Stimulus aiding states

Many economists agree that the second stimulus bill, the 787 billion dollar American Recovery and Reinvestment Act of 2009 (ARRA), was too small and a third may be required. However, the money given to states to close budget deficits has been invaluable in preventing deeply damaging cuts to important public investments across the country.

The Center on Budget and Policy Priorities found in a recent report that federal money has provided states with between 30% and 40% of the money to close budget gaps both at the end of FY09, and during fiscal years 2010 and 2011. The money has come at a crucial time to states that face falling revenues as a result of the recession. It has offset the need for much deeper cuts to services that can slow economic recovery even further. While more stimulus may be needed in the future, the ARRA has been invaluable to states, including North Carolina.

2 Comments

  1. Greg Flynn

    July 9, 2009 at 3:04 pm

    by diversion of cash flow to savings due to uncertainty about jobs and income. Saving is a good thing but it is soaking up extra cash.In fundamental shift, consumers are saving rather than spending.
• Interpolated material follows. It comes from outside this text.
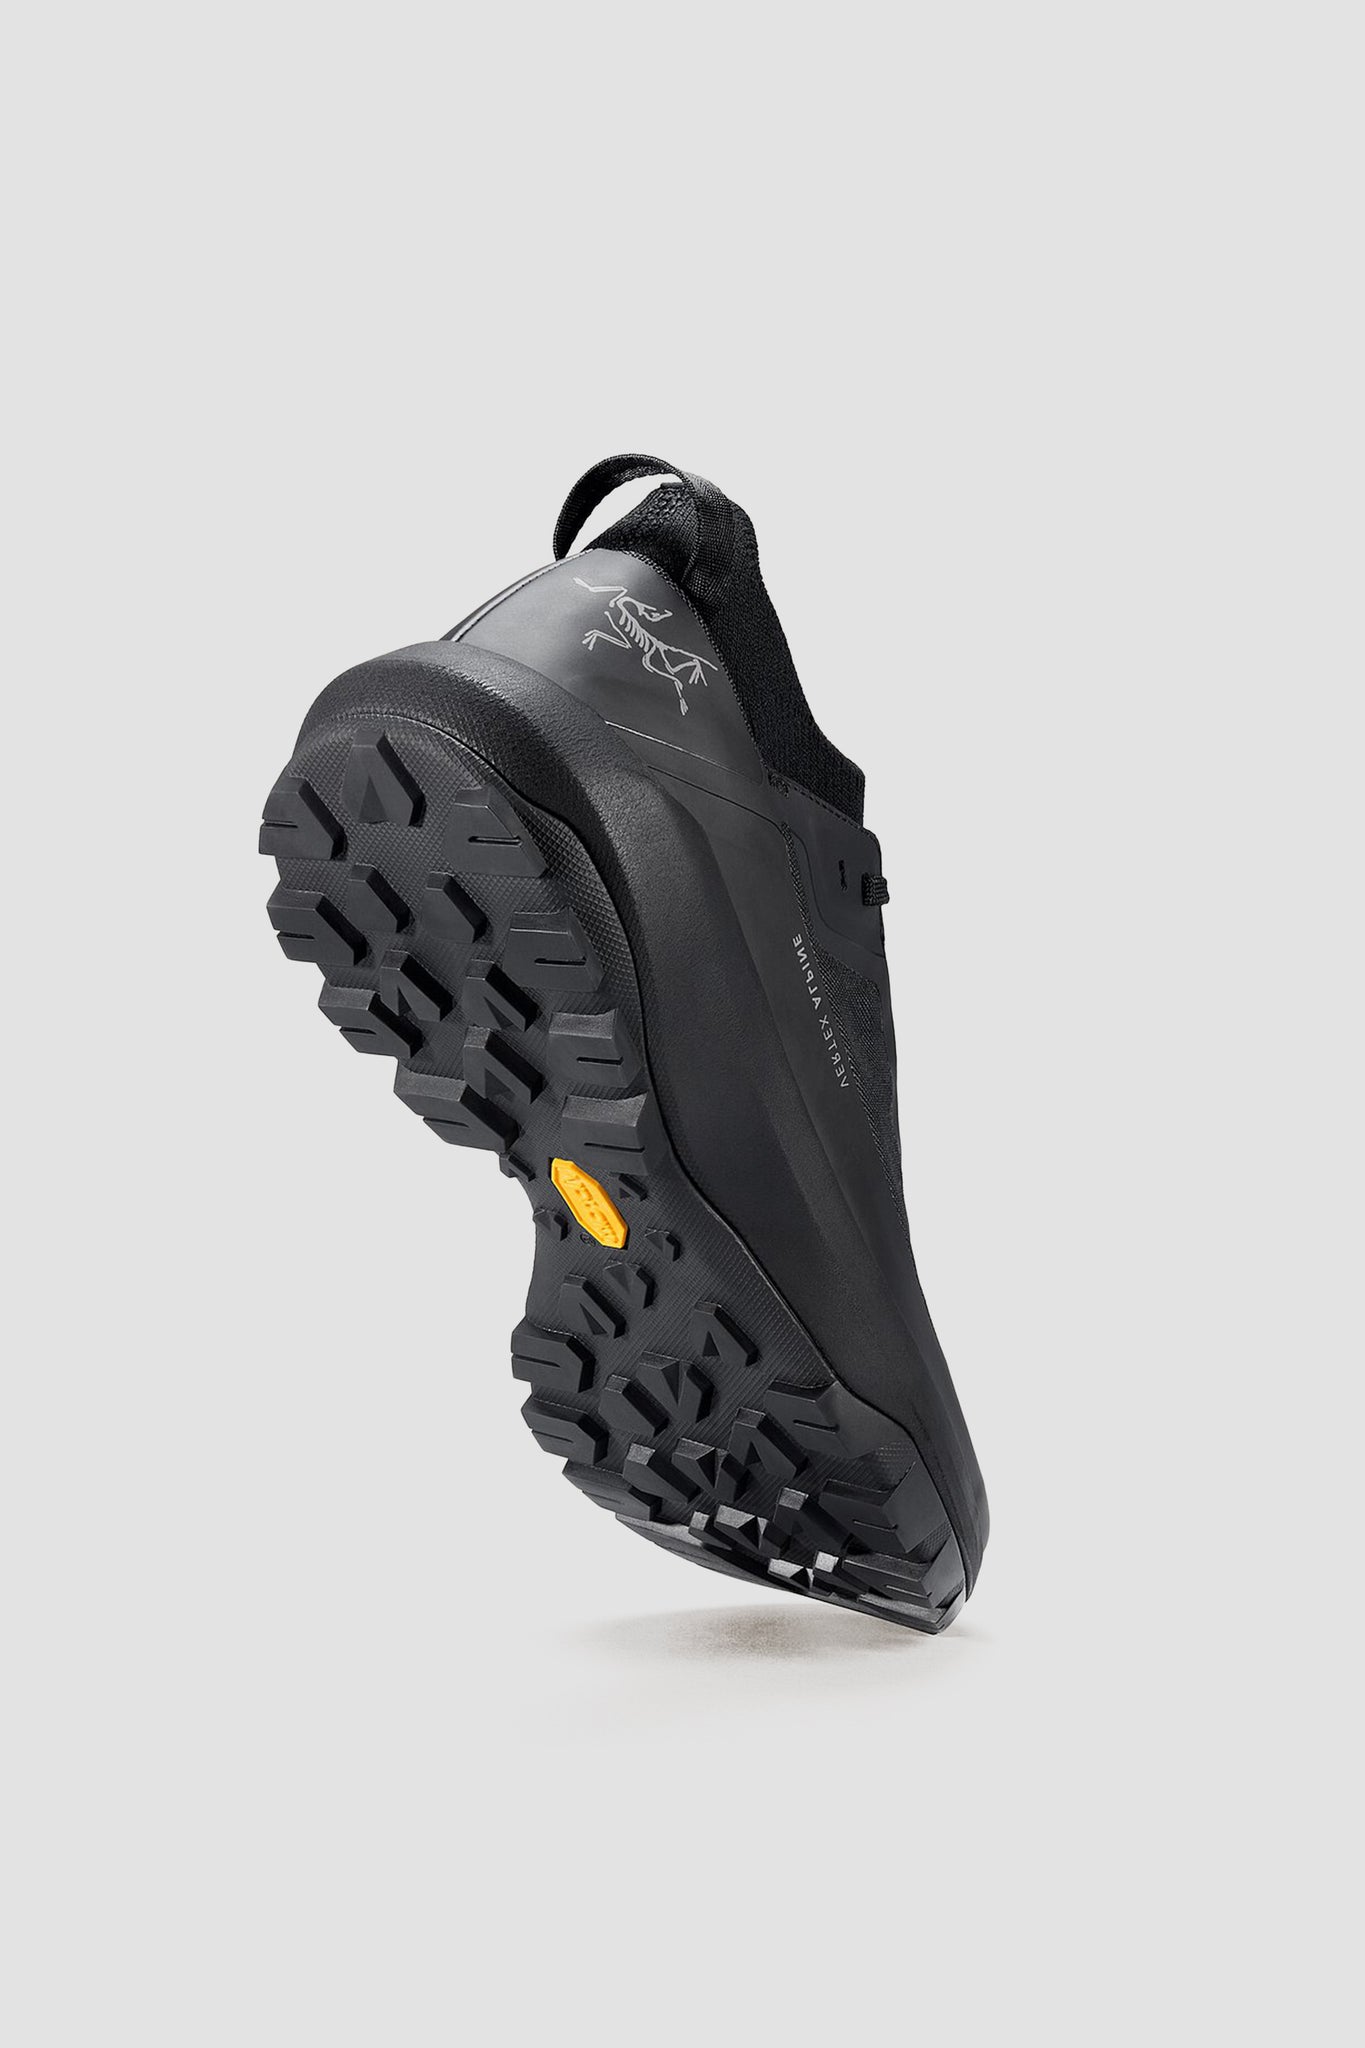 Arc'teryx Men's Vertex Alpine Shoe in Black/Black

    There may enough cash to go around but not enough confidence. Another boost targeting job security would go a long way towards lubricating the economy.

  2. Greg Flynn

    July 9, 2009 at 3:05 pm

    The LA Times today has an article today about consumer spending being tempered by diversion of cash flow to savings due to uncertainty about jobs and income. Saving is a good thing but it is soaking up extra cash.In fundamental shift, consumers are saving rather than spending.

    There may enough cash to go around but not enough confidence. Another boost targeting job security would go a long way towards lubricating the economy.